Researchers from the University of Pennsylvania (PA, USA) have identified a new biomarker, termed spermine, associated with a rare group of metabolic disorders, mucopolysaccharidoses (MPS). Detailed in the findings, published in Human Molecular Genetics, the team screened cerebrospinal fluid (CSF) metabolites in MPS affected canine models.
This group of metabolic disorders, mucopolusaccharioses, share common symptoms which include vision and hearing problems, heart problems and hernias with approximately 1 in 25,000 births in the US resulting in a form of MPS.
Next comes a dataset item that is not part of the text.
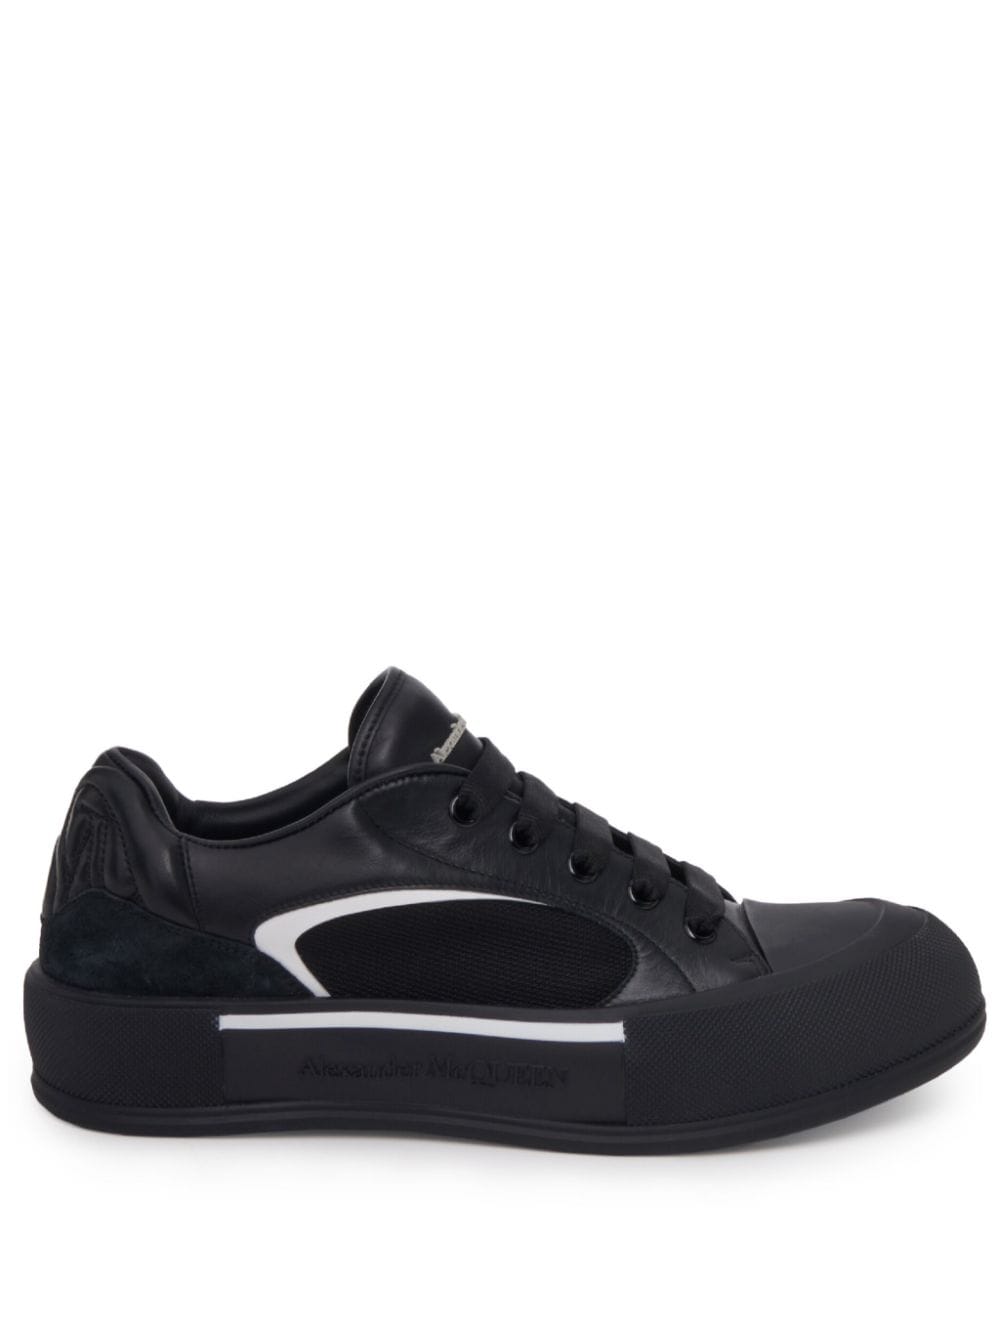 Shop Alexander Mcqueen Skate Deck Plimsoll Sneakers In Black

Senior author, James Wilson, Director of Orphan Disease Center at Penn (University of Pennsylvania) commented: “This new biomarker for CNS symptoms in MPS patients may help families better understand their child’s diagnosis and prognosis and should help clinicians and regulatory agencies to evaluate the efficacy of new therapies.”
The team demonstrated, from the assay results, an elevation in spermine in MPS affected animals. However, when gene therapy was utilized to reduce the levels of CSF spermine, the brain lesions were corrected.
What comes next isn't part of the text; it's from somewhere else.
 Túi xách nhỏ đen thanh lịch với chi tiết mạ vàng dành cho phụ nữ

When investigated in humans, CSF spermine was elevated in four MPS subtypes which were associated with cognitive declines. However, in two subtypes cognitive function was preserved. Elevated CSF spermine, in MPS I patients, was restricted to individuals with genotypes associated with CNS disease.
Researchers demonstrated that hematopoietic stem cell transplantation was the only treatment able to improve cognitive outcomes by reducing CSF spermine.
Wilson concluded: “The mission of the ODC is to enable the development of novel diagnostics and treatments for rare diseases. We are offering access to this biomarker to the orphan disease research community for all research purposes at no cost to enable labs to freely conduct assays for their own research and patients’ needs. The only way we will move ahead in our field is to openly collaborate in the pre-competitive space, during the early stages of development of biomarkers and treatments.”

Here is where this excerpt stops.